The interior ministry identified the attacker on Wednesday as 19-year-old Khalid Ayed Mohammed Wahhabi Shammari. ISIL had earlier called the bomber a “soldier of the caliphate”, who went by Abu Jandal Al Jazrawi, a nom de guerre suggesting that he was Saudi.

The explosive used in Friday’s attack was RDX, a military-grade compound that was also deployed in the Al Qudeeh bombing. That earlier attack killed 22 people, making it the deadliest militant assault in the kingdom in more than a decade.

Earlier on Wednesday, cranes had lowered concrete barriers into place outside the Al Anoud mosque amid fears of another deadly suicide attack.

“We are under threat, very serious threat,” said Hussein Al Nemr, an organiser of the funeral.

Mohammed Al Arbash, who lost two cousins in the attack, said that the Sunni majority is not to blame.
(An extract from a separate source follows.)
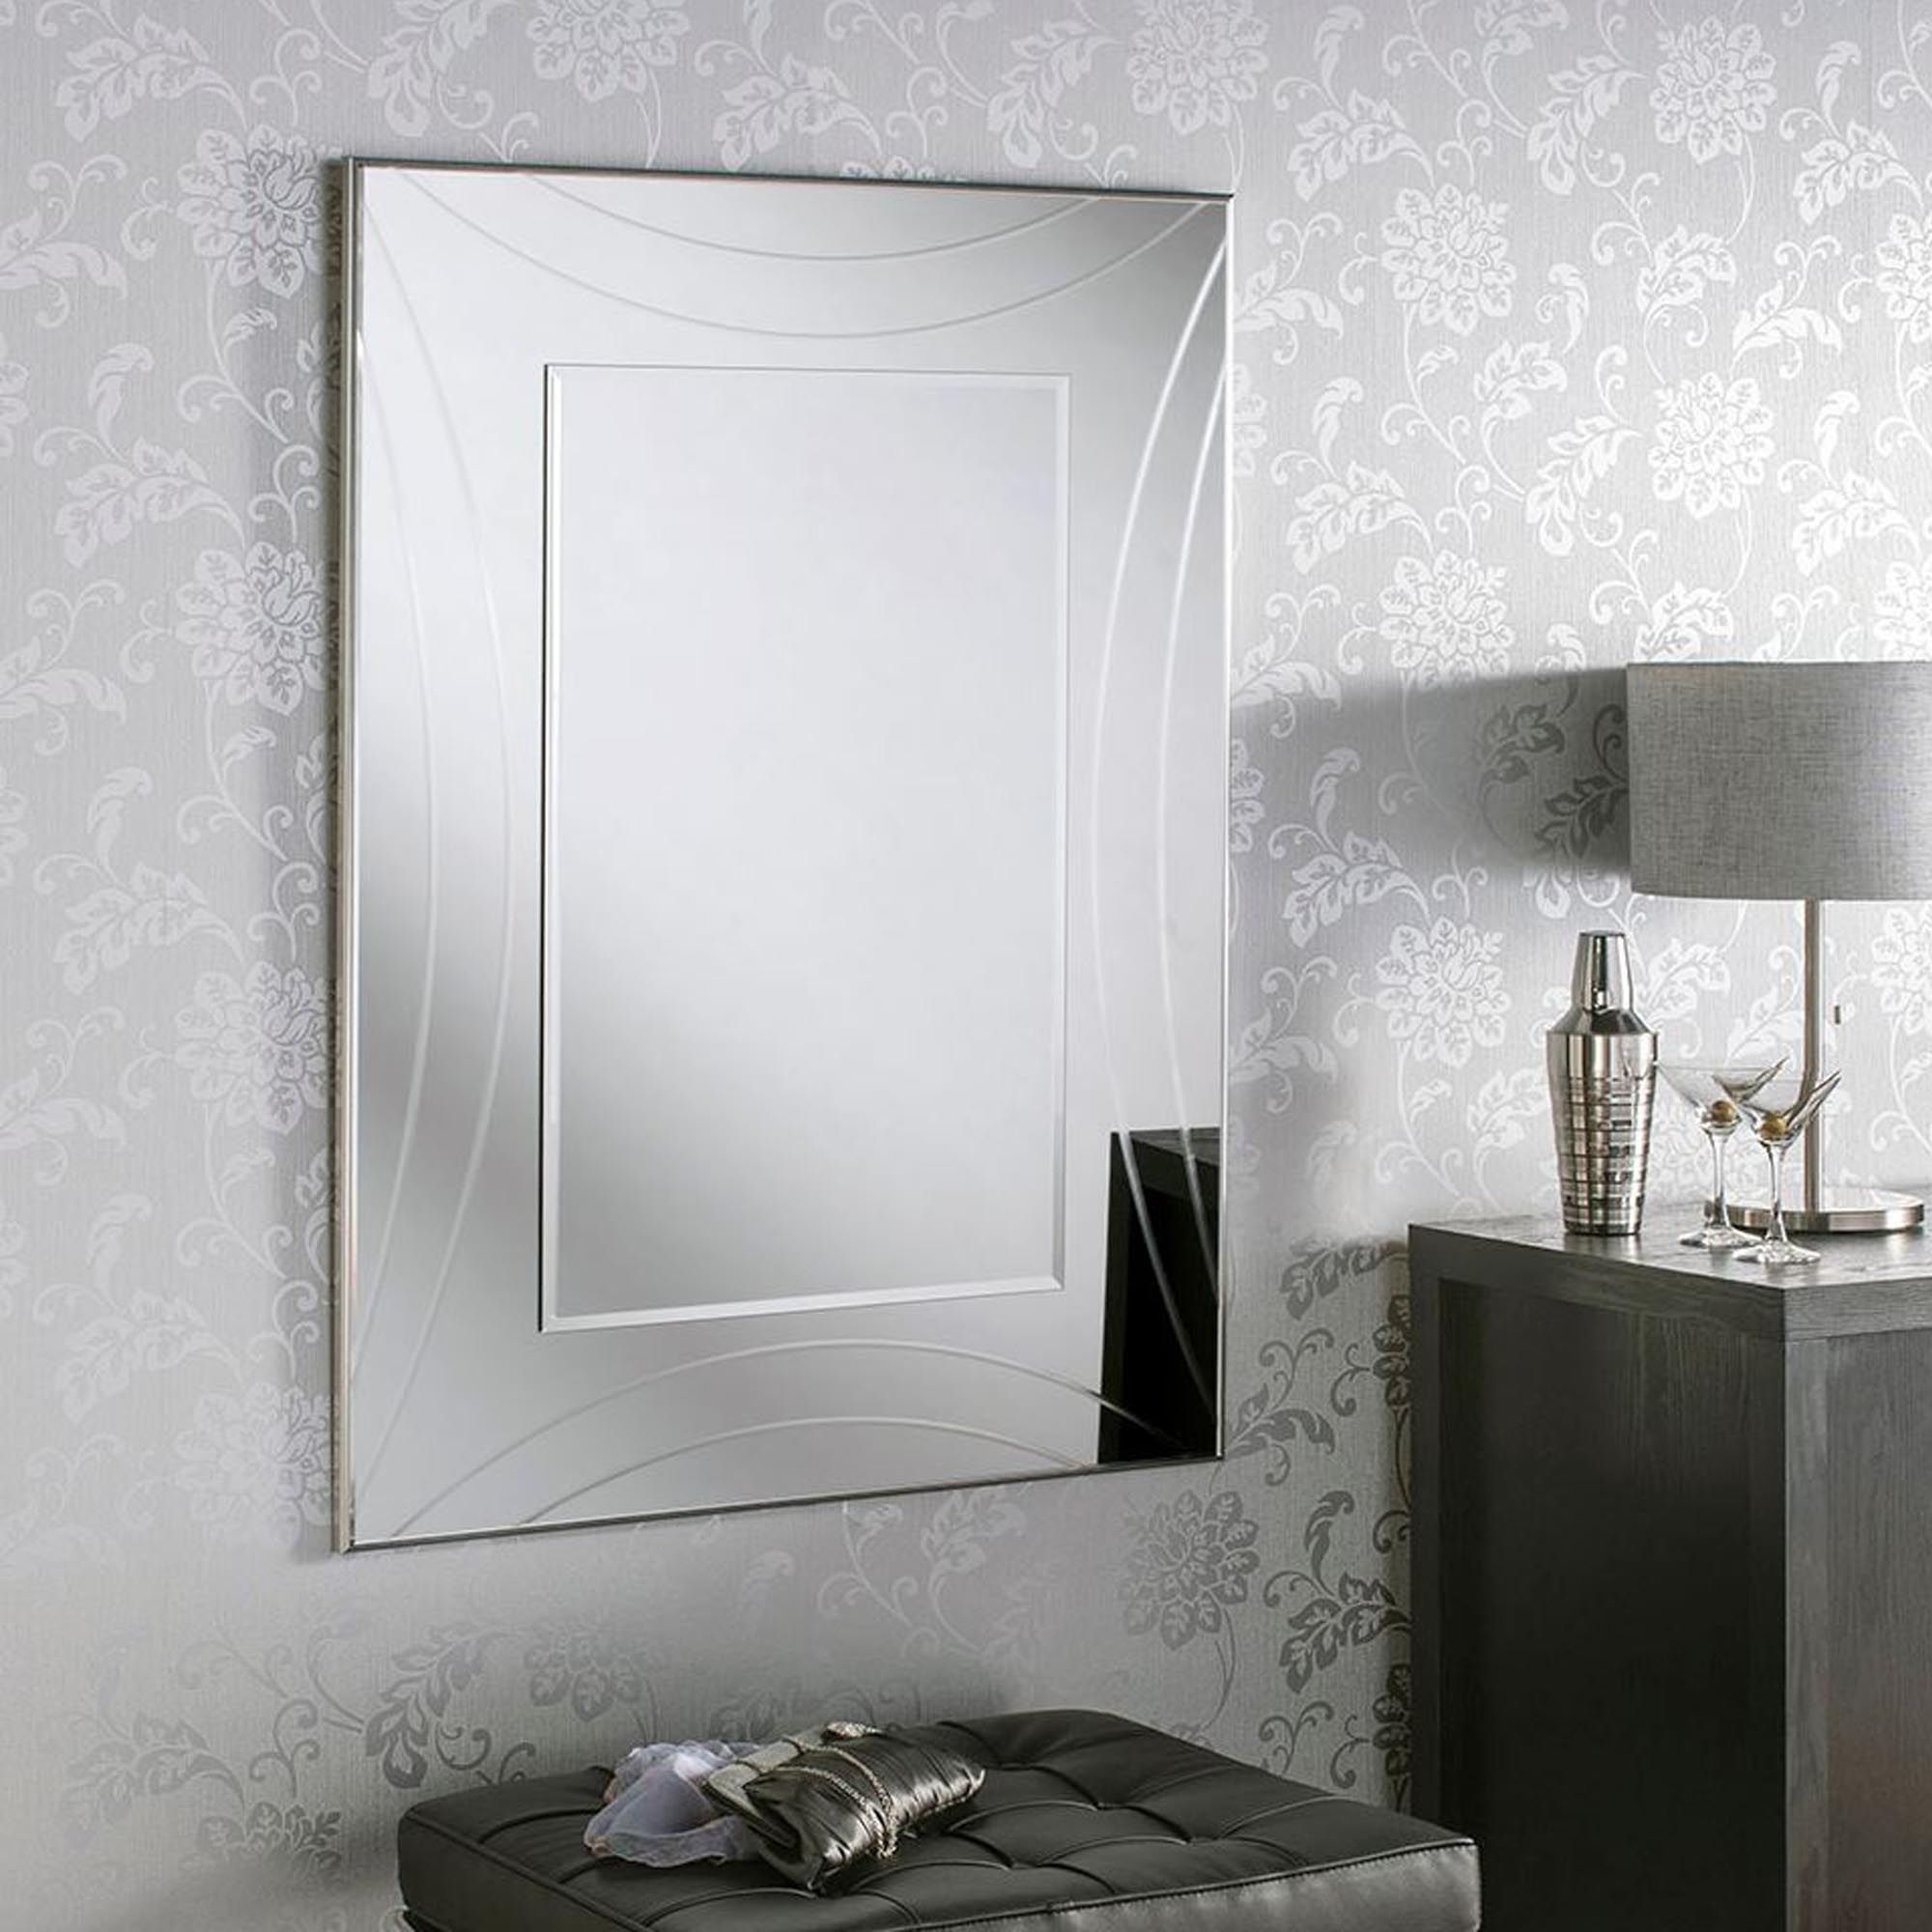 Contemporary Silver Rectangular Wall Mirror | Homesdirect365 For Rectangular Grid Wall Mirrors (View 5 of 15)

“Sunni people are our brothers,” he said. “This man who exploded himself is not Sunni.”

Meanwhile, in a statement reported by the Saudi Press Agency on Wednesday, the interior ministry listed the names of 16 suspects wanted in connection with the attacks and warned that dealing with them “will make the person accountable”.

It promised a reward of 1 million riyals (Dh979,420) for information leading to the arrest of the suspects, 5 million riyals for the arrest of multiple suspects and 7 million riyals for thwarting a terrorist operation.